🤖 AI Summary
This work addresses core challenges in whole-body control of humanoid robots—high-dimensional action spaces, bipedal instability, and difficulties in end-to-end visual learning—by proposing a hierarchical world model architecture that requires no handcrafted rewards, simplifying assumptions, or skill priors. The architecture decouples high-level visual decision-making from low-level motor execution and jointly optimizes both via reinforcement learning. Evaluated on a 56-DoF simulated humanoid platform (Isaac Gym), the system achieves multi-task generalization using raw visual inputs only. It attains high-performance policies across eight complex tasks, with motion quality rated significantly superior to existing baselines by human evaluators.

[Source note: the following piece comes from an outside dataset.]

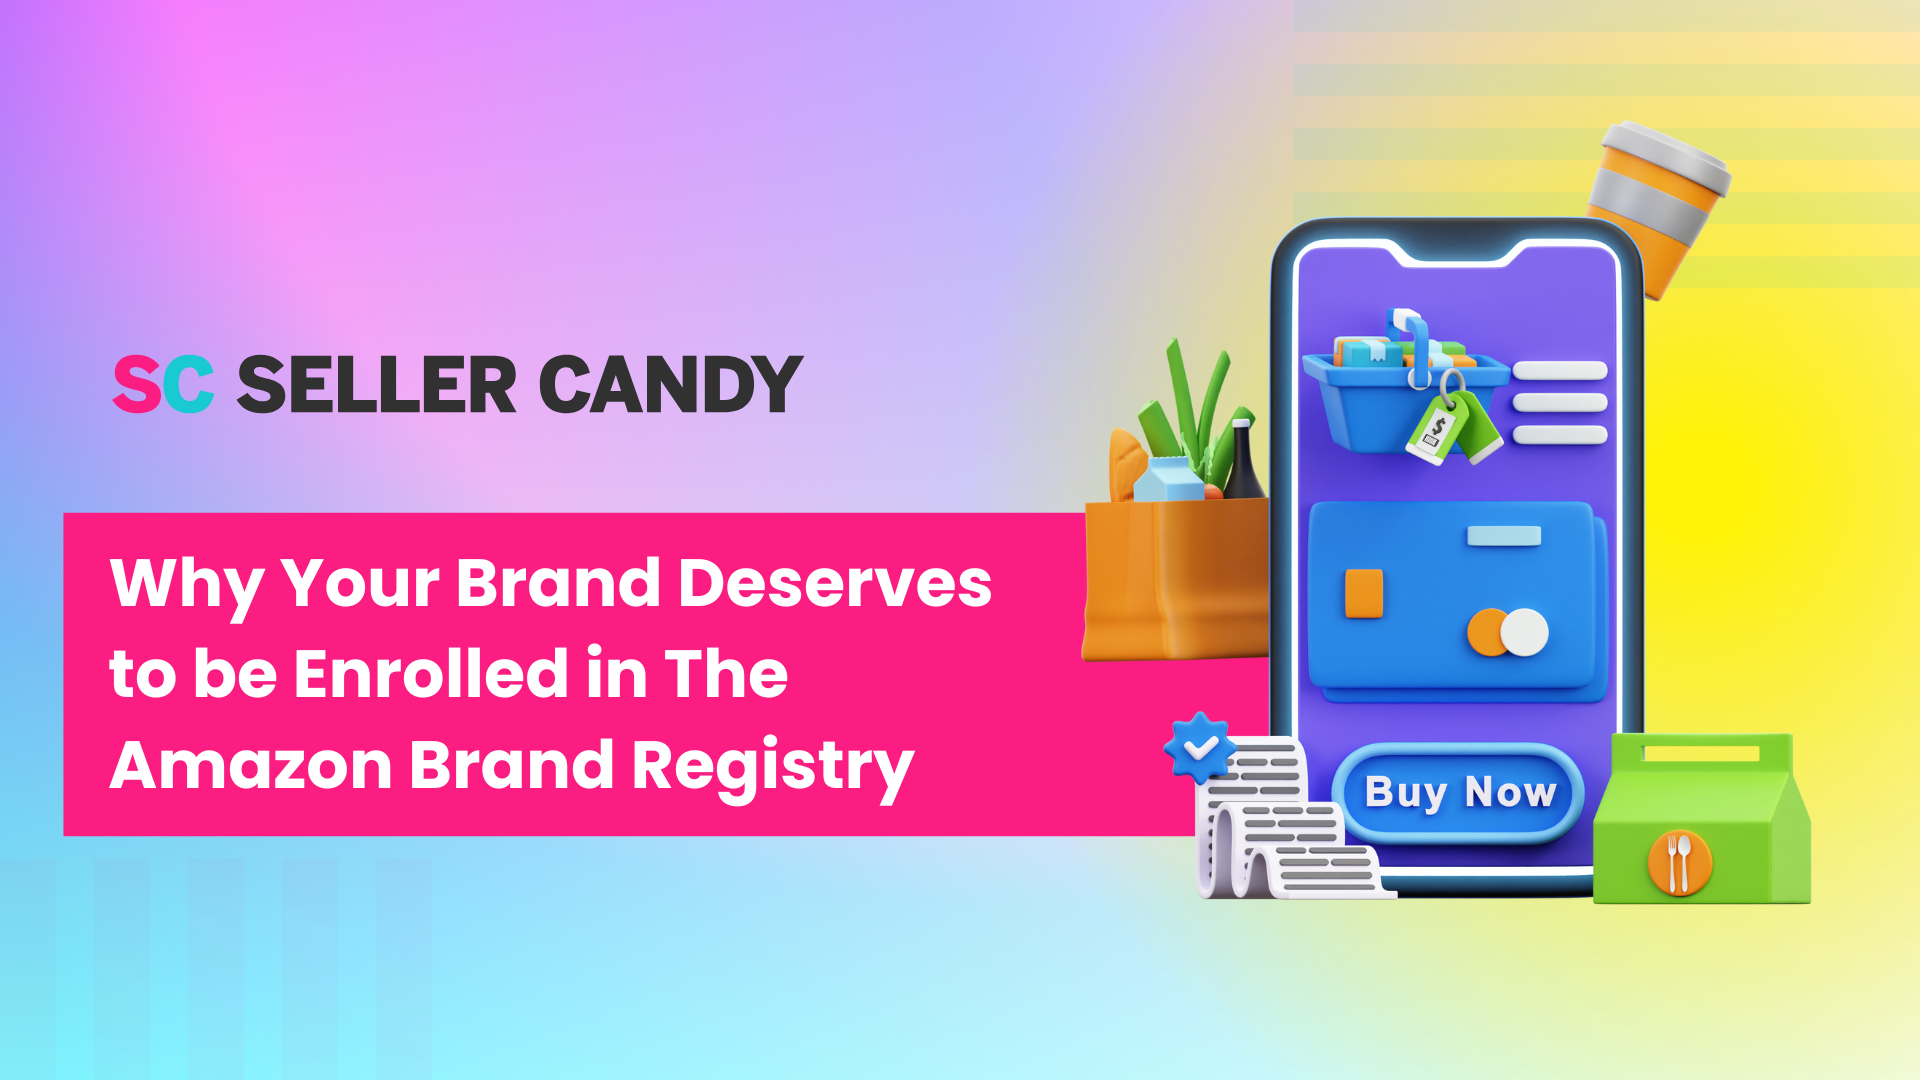 Why Your Brand Deserves to be Enrolled in The Amazon Brand Registry
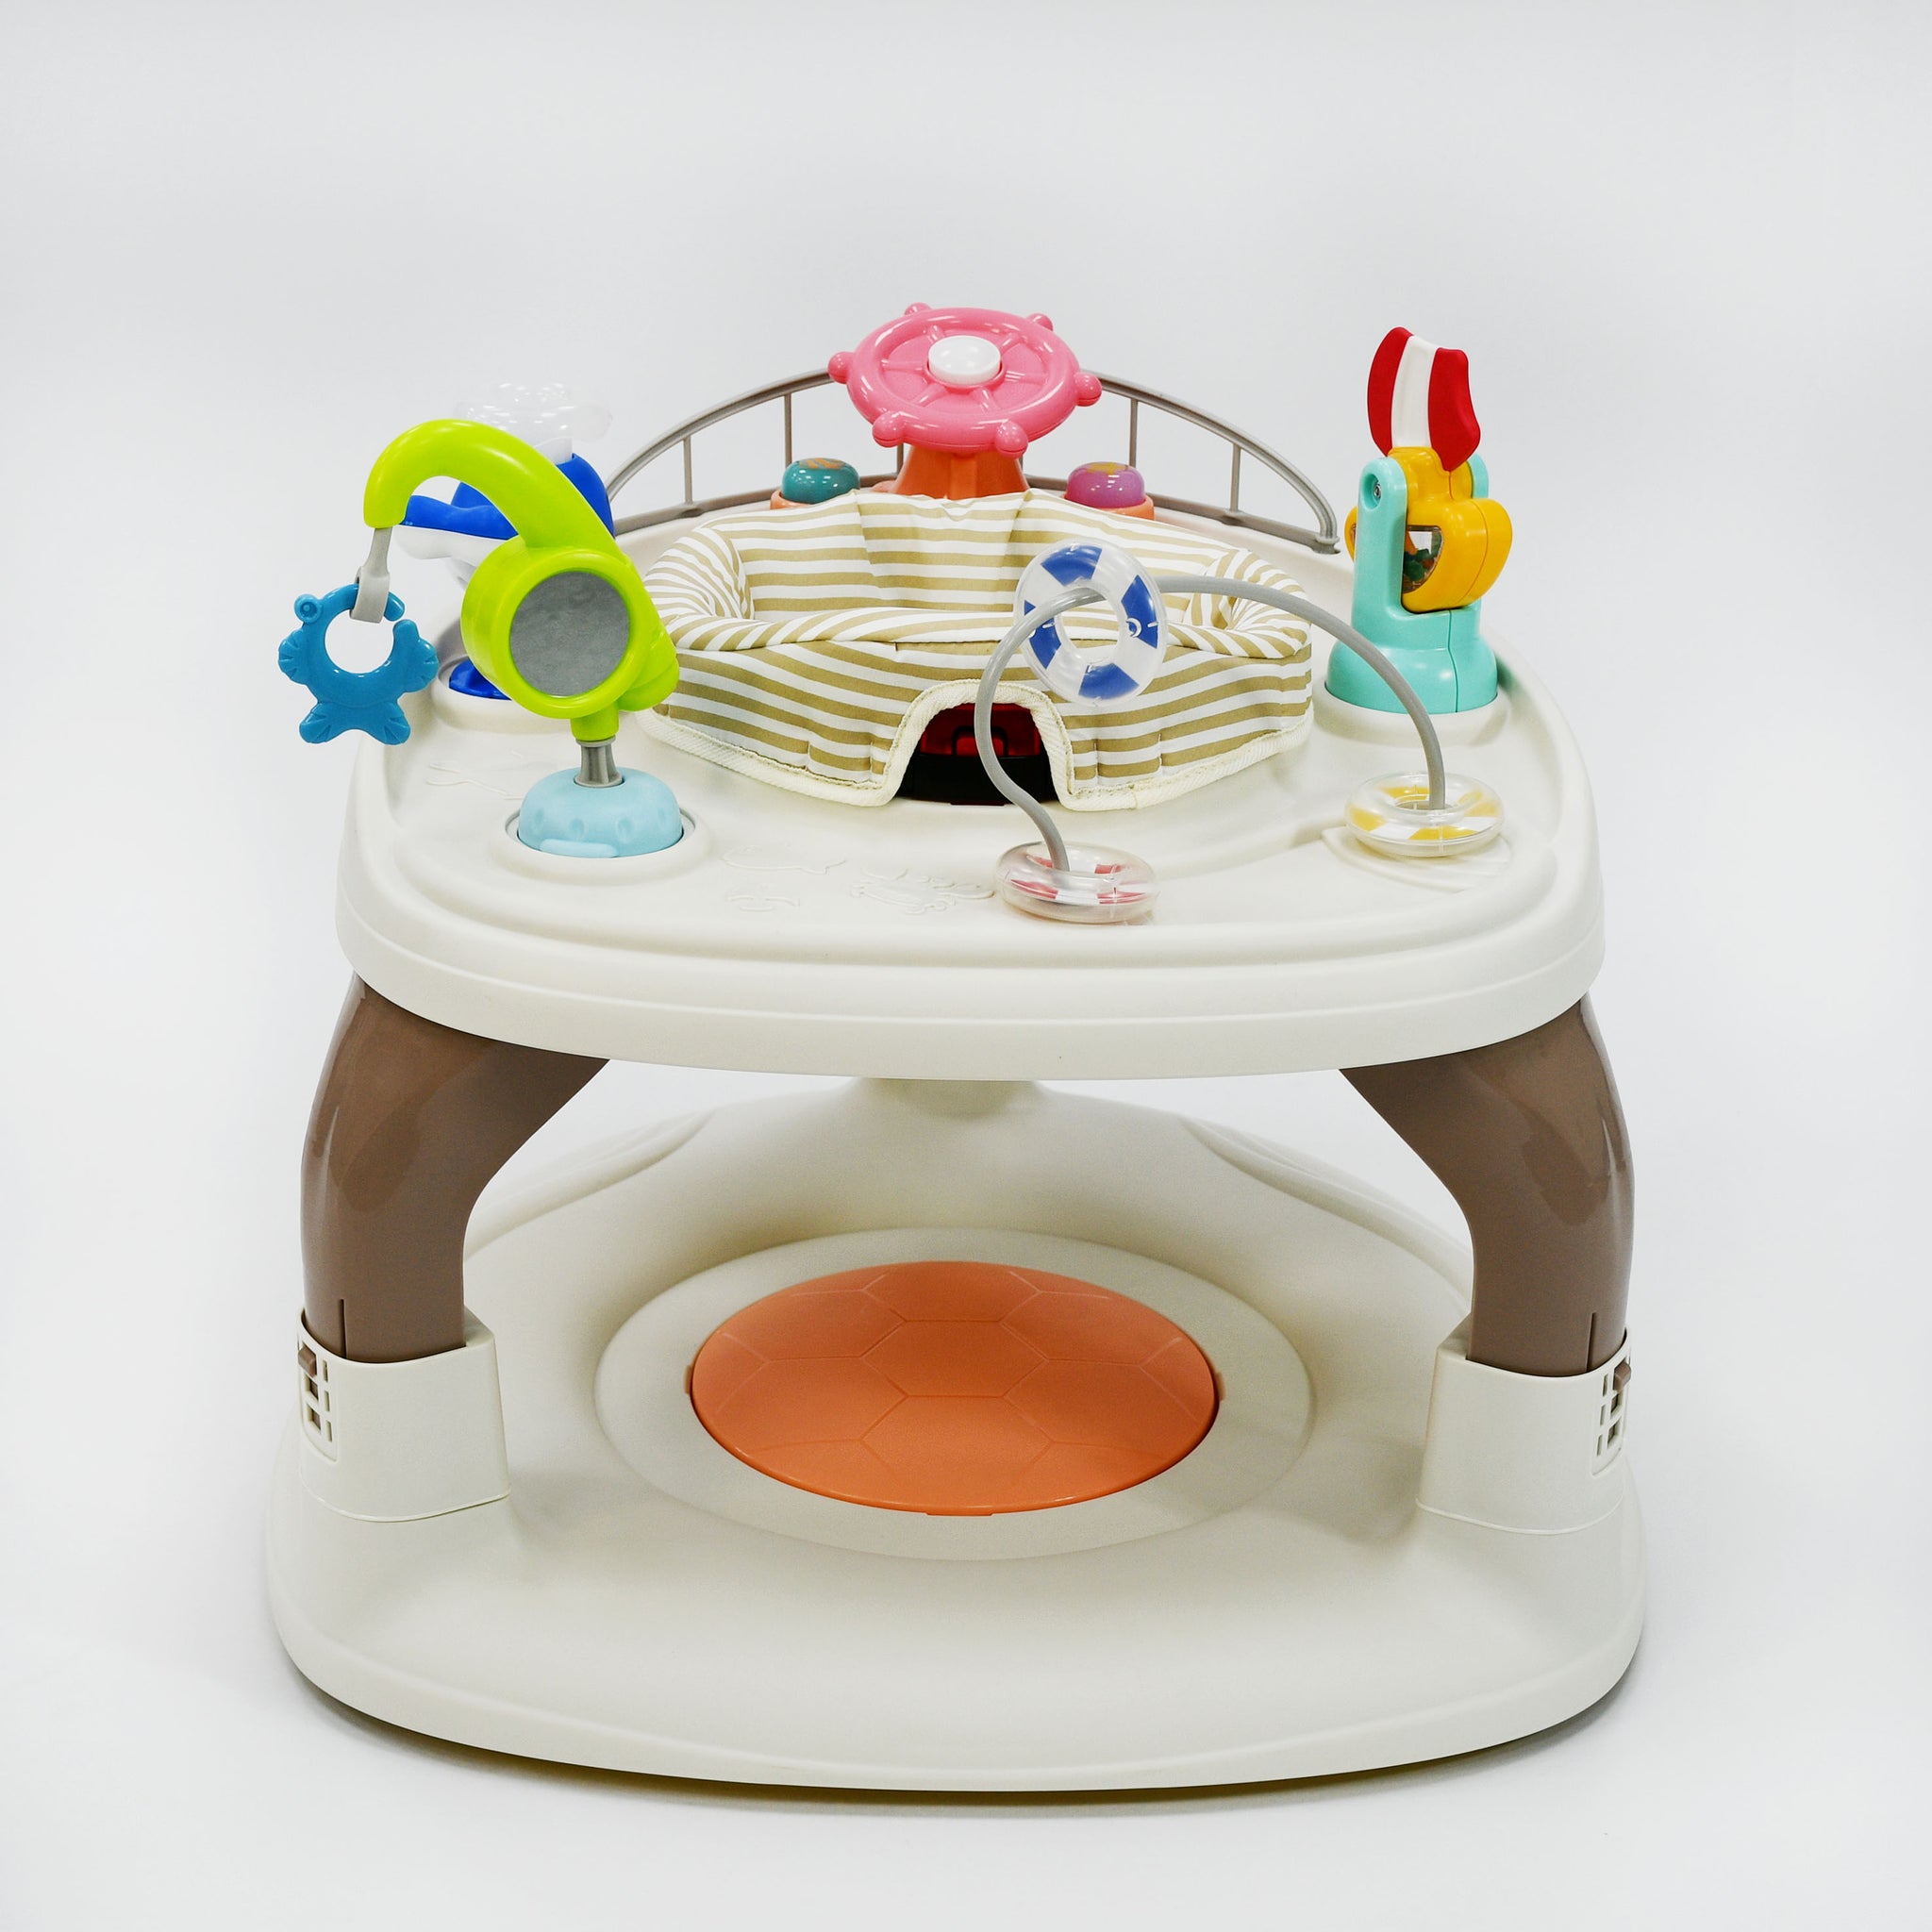 dessert sand activity center with toys in tray

To our knowledge, this is the first demonstration of end-to-end, multi-task, generalizable whole-body control for high-DOF humanoid robots driven solely by vision.
📝 Abstract
Whole-body control for humanoids is challenging due to the high-dimensional nature of the problem, coupled with the inherent instability of a bipedal morphology. Learning from visual observations further exacerbates this difficulty. In this work, we explore highly data-driven approaches to visual whole-body humanoid control based on reinforcement learning, without any simplifying assumptions, reward design, or skill primitives. Specifically, we propose a hierarchical world model in which a high-level agent generates commands based on visual observations for a low-level agent to execute, both of which are trained with rewards. Our approach produces highly performant control policies in 8 tasks with a simulated 56-DoF humanoid, while synthesizing motions that are broadly preferred by humans.